Wer Militär in zivile Infrastruktur legt, macht Bürger zur Zielscheibe

Seit dem Drohnenfund am Flughafen Leipzig/Halle wird über hybride Angriffe geredet, über Abwehrsysteme und über Vergeltungsmaßnahmen. Über eine Frage wird kaum geredet: Warum steht militärische Logistik überhaupt dort, wo Passagiere einchecken und Paketfahrer arbeiten? Ich halte diese Vermischung für den eigentlichen Skandal. Und ich sage das als Cottbuser, dessen Stadt am 15. Februar 1945 erfahren hat, was passiert, wenn Militärtransporte und Zivilisten am selben Ort stehen.

Was in Leipzig belegt ist, und was bislang nur behauptet wird

Der belegte Kern ist ernst genug. Die Bundesanwaltschaft hat das Verfahren am 6. August 2026 übernommen und ermittelt wegen versuchten Herbeiführens einer Sprengstoffexplosion und gefährlichen Eingriffs in den Luftverkehr. Am Abend des 4. August sollte auf dem Flughafengelände mit einer Drohne eine Explosion ausgelöst werden, an der Drohne waren professioneller Sprengstoff und ein Zünder angebracht. Eine Frachtmaschine, die durchstarten musste, kollidierte im erweiterten Flughafenbereich mit einem Gegenstand, mutmaßlich einer weiteren Drohne [1].

Was daneben tagelang durch die Medien lief, war eine Heldengeschichte: Ein Busfahrer habe die Drohne mit einem Fußtritt aus der Luft geholt. Belegt ist das nicht. Nach Recherchen der „Zeit“ zeigen Kameraaufnahmen, dass die Drohne bereits am Boden lag, als der Mitarbeiter hinzukam. Das Foto und das Video, die den angeblichen Tritt zeigen, sind KI-erzeugt und tragen sichtbar ein Gemini-Wasserzeichen [2].

Am 1. September hat die Bundesregierung den Angriff offiziell Russland zugeschrieben und Maßnahmen angekündigt, unter anderem die Schließung des russischen Generalkonsulats in Bonn zum 18. September und die Kündigung des Vertrags über das Russische Haus in Berlin [3]. Einen Tag später wurde bekannt, dass das Bundeskriminalamt zwei Tatverdächtige mit Russlandbezug identifiziert hat, einen Belarussen mit russischem Pass und einen gebürtigen Russen mit lettischem Pass. Beide sind untergetaucht beziehungsweise vor der Tat ausgereist [4].

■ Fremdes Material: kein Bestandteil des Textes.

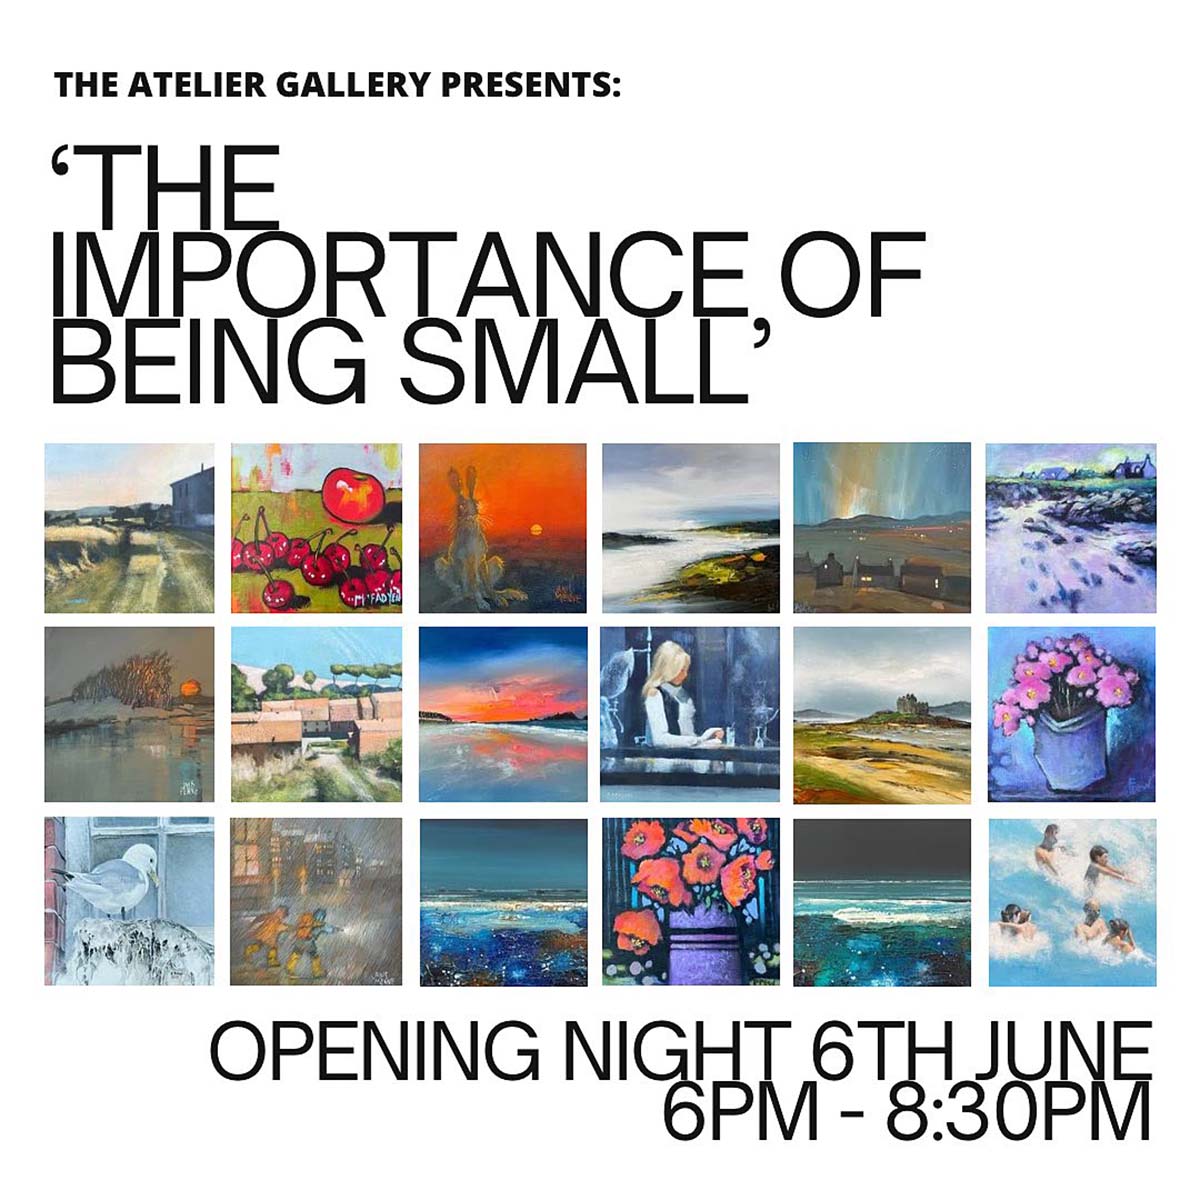 Pictured is Atelier Gallery's poster for their NT Art Month exhibition, 'The Importance of Being Small'.

Zwei Dinge müssen auseinandergehalten werden: eine Bewertung der Bundesregierung ist kein Gerichtsurteil. Es gibt keine Festnahme, keine Anklage und keine öffentlich vorgelegte Beweiskette. Wer daraus außenpolitische Konsequenzen zieht, muss dem Parlament die Belege vorlegen. Und wer erlebt hat, wie schnell sich eine Erzählung verselbständigt, die später still korrigiert wird, sollte bei der nächsten Zuschreibung zurückhaltender sein.

Leipzig/Halle ist längst kein normaler Zivilflughafen mehr

Der Flughafen ist seit 2006 Basis des NATO-Programms SALIS. Die Bundeswehr kann dort rund um die Uhr auf zwei Transportflugzeuge vom Typ Antonow An-124 zugreifen, der Vertrag wurde von zehn Nationen der NATO und der EU mit einem zivilen Auftragnehmer geschlossen [5]. Die Sprengstoffdrohne lag genau dort: neben ukrainischen Antonow-Maschinen.

Ob diese Maschinen Munition geladen hatten, ist öffentlich ungeklärt. „Süddeutsche Zeitung“, NDR und WDR meldeten unter Berufung auf einen vertraulichen Polizeibericht, das mutmaßliche Ziel sei mit militärischer Munition beladen gewesen. Das Bundesinnenministerium stellte in der Obleute-Runde des Bundestages klar, es habe sich keine Munition in der Maschine befunden, und die Flughafengesellschaft erklärte, die Flugzeuge seien leer gewesen [6]. Dieser Widerspruch ist bis heute nicht aufgelöst, und genau deshalb gehört er ins Parlament und nicht in Hintergrundgespräche.

Der Operationsplan Deutschland macht die Vermischung zum Regelfall

Das ist keine Spekulation, das steht bei der Bundeswehr selbst. Der Operationsplan Deutschland umfasst rund 1.400 Seiten und ist als Gesamtdokument geheim. Im Bündnisfall sollen binnen sechs Monaten bis zu 800.000 alliierte Soldaten und 200.000 Fahrzeuge durch Deutschland verlegt werden. Der sogenannte Host Nation Support, also die Unterstützung durch das Gastgeberland, umfasst ausdrücklich Transport und Umschlag auf Straße, Schiene sowie in See- und Flughäfen. Die Bundeswehr schreibt selbst, der Betrieb der Drehscheibe Deutschland bringe Einschränkungen für die Bevölkerung mit sich, und nennt als Ziel des Plans, die Kaltstartfähigkeit, die Kriegstüchtigkeit und die Durchhaltefähigkeit zu steigern. Für vereinfachte Militärtransporte auf festgelegten Straßen wurden Verwaltungsvereinbarungen geschlossen, unter anderem mit Brandenburg [7]. Hierzu hatte ich bereits berichtet:

Zivile Häfen, zivile Bahnknoten, zivile Flughäfen und Autobahnen in Brandenburg werden also planmäßig zu Bestandteilen militärischer Logistik. Wer das tut, verwandelt sie im Ernstfall in legitime militärische Ziele. Das ist keine Meinung, das ist die Logik des Kriegsvölkerrechts. Das Zusatzprotokoll I zu den Genfer Abkommen verlangt von den Konfliktparteien, es zu vermeiden, militärische Ziele innerhalb oder in der Nähe dicht bevölkerter Gebiete anzulegen, und, wo das nicht zu umgehen ist, die Zivilbevölkerung aus dieser Umgebung zu entfernen (Artikel 58 ZP I) [8].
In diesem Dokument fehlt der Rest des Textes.